Que me lembre, a edição de 2023 dos Óscares foi a terceira em que vi um filme de que gostei mesmo muito a ganhar o principal galardão.*

Julgo que em Abril, quando Tudo em Todo o Lado ao Mesmo Tempo estreou nas salas portuguesas ninguém esperava que, onze meses volvidos, um filme tão peculiar, tão distante na forma e no tom das clássicas películas "isco de Óscar" que estreiam em Novembro e Dezembro (nos Estados Unidos; mais tarde em Portugal, por norma), viesse a ganhar sete em onze estatuetas douradas, nas categorias de Melhor Filme, Melhor Realizador (realizadores, neste caso), Melhor Actriz Principal, Melhor Actriz Secundária, Melhor Actor Secundário, Melhor Montagem e Melhor Argumento Original.

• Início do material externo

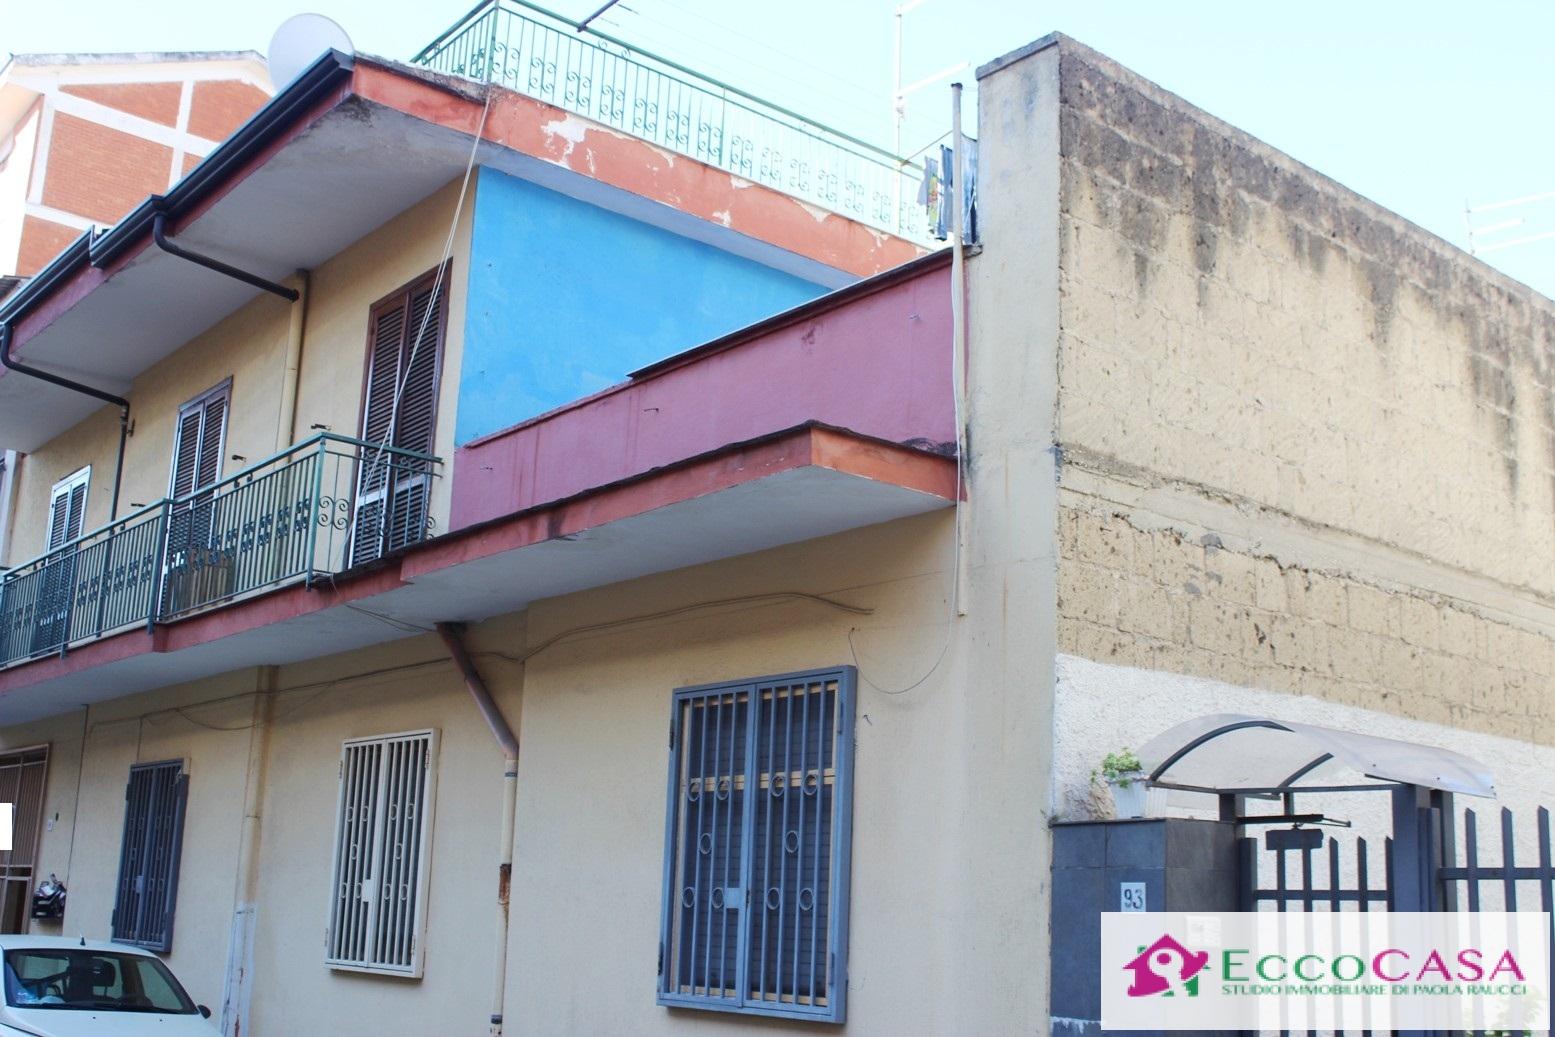 Appartamento in vendita a Maddaloni, 2 locali, prezzo € 50.000 | CambioCasa.it

E no entanto cá estamos: um filme que cruza uma aventura de ficção científica com um drama familiar em tons de comédia surrealista conquistou o público e, devagarinho, acabou por convencer a Academia, tradicionalmente conservadora nestas escolhas.

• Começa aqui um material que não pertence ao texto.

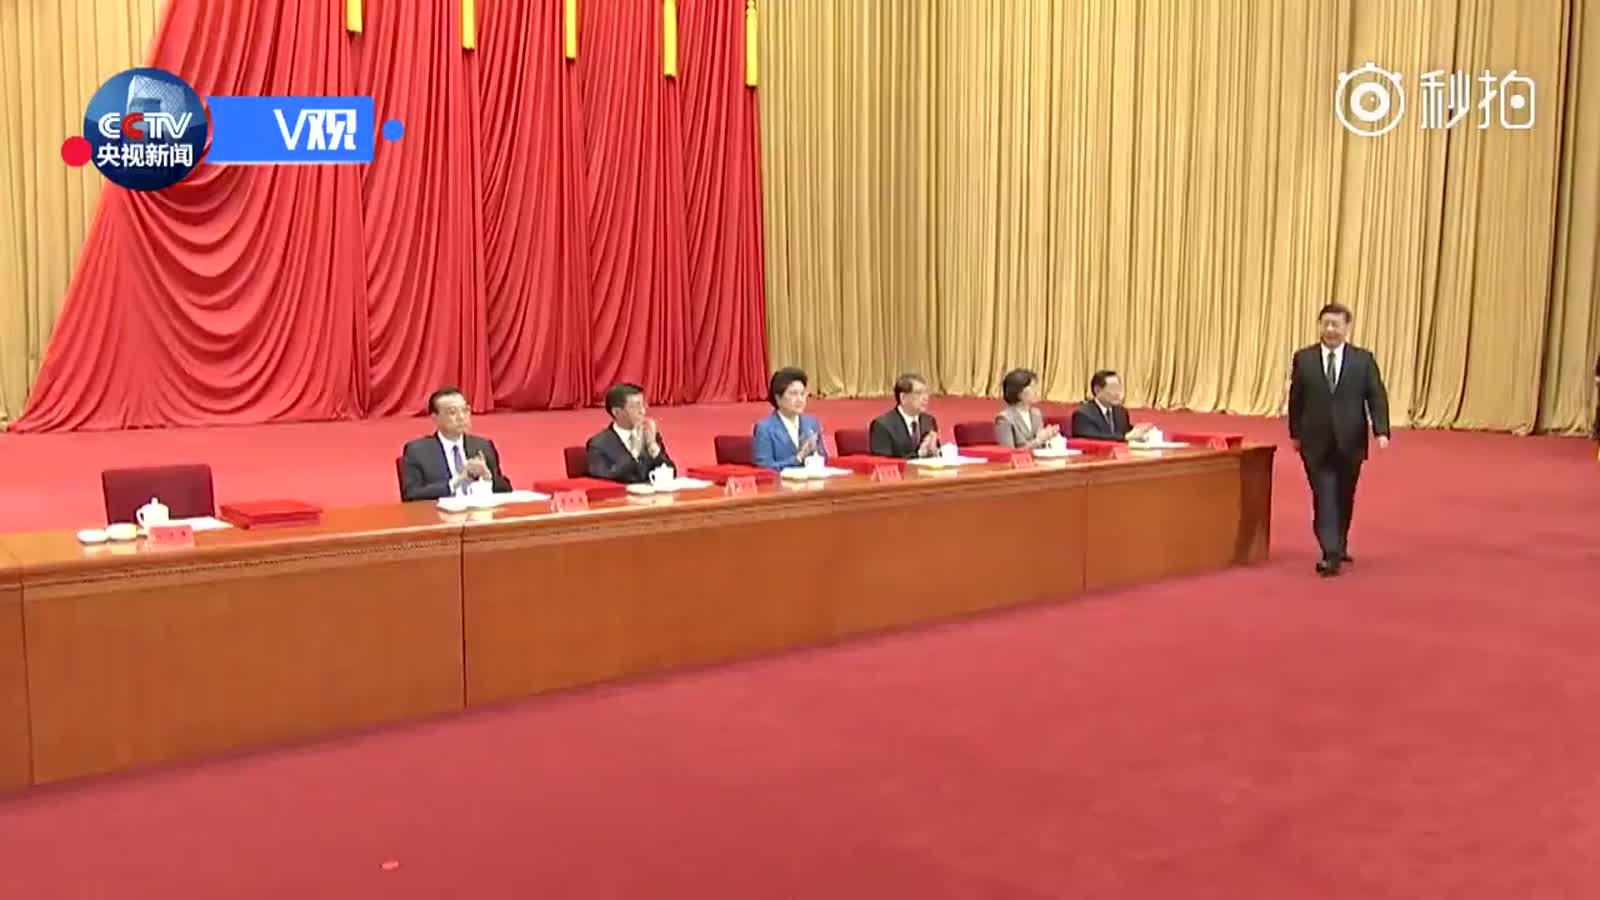 中国要强必须有强大科技!19句话读懂习近平科技创新思想 新湖南www.hunanabc.com

Uma conquista merecida, pois se quisermos ser honestos, o conceito básico de Tudo em Todo o Lado ao Mesmo Tempo tinha tudo para correr mal. Vejamos a premissa: durante uma inspecção do IRS às finanças da sua pequena lavandaria familiar, Evelyn (Michelle Yeoh), imigrante asiática de primeira geração, vê-se arrastada para uma aventura que atravessa vários universos paralelos e múltiplas versões de si mesma, isto enquanto no seu próprio universo tenta perservar o seu negócio, salvar o seu casamento com Waymond (Ke Huy Quan) e evitar alienar a sua filha adolescente, Joy (Stephanie Hsu). Como é bom de ver, há aqui material que daria para fazer vários filmes. Daniel Kwan e Daniel Scheinert podiam ter optado por fazer um drama familiar mais convencional - mais ao jeito dos Óscares - sobre as vagas de imigração, as diferenças geracionais entre quem fica no país de origem, quem parte, e quem já nasce no país de destino, e os traumas que daí resultam. Também podiam puxar pelo lado mais queer da narrativa, explorando essa faceta da personagem de Stephanie Hsu. Ou podiam ter avançado mais directamente pela ficção científica - tanto em formato aventura, saltando pelos universos paralelos (conceito tão na moda nos blockbusters destes tempos), como num registo mais meditativo pelas inúmeras possibilidades que as múltiplas versões de cada um de nós encerram. Qualquer uma destas ideias, se bem executada, poderia dar um bom filme. Qualquer combinação de dois destes conceitos, idem. Todos ao mesmo tempo era no mínimo improvável.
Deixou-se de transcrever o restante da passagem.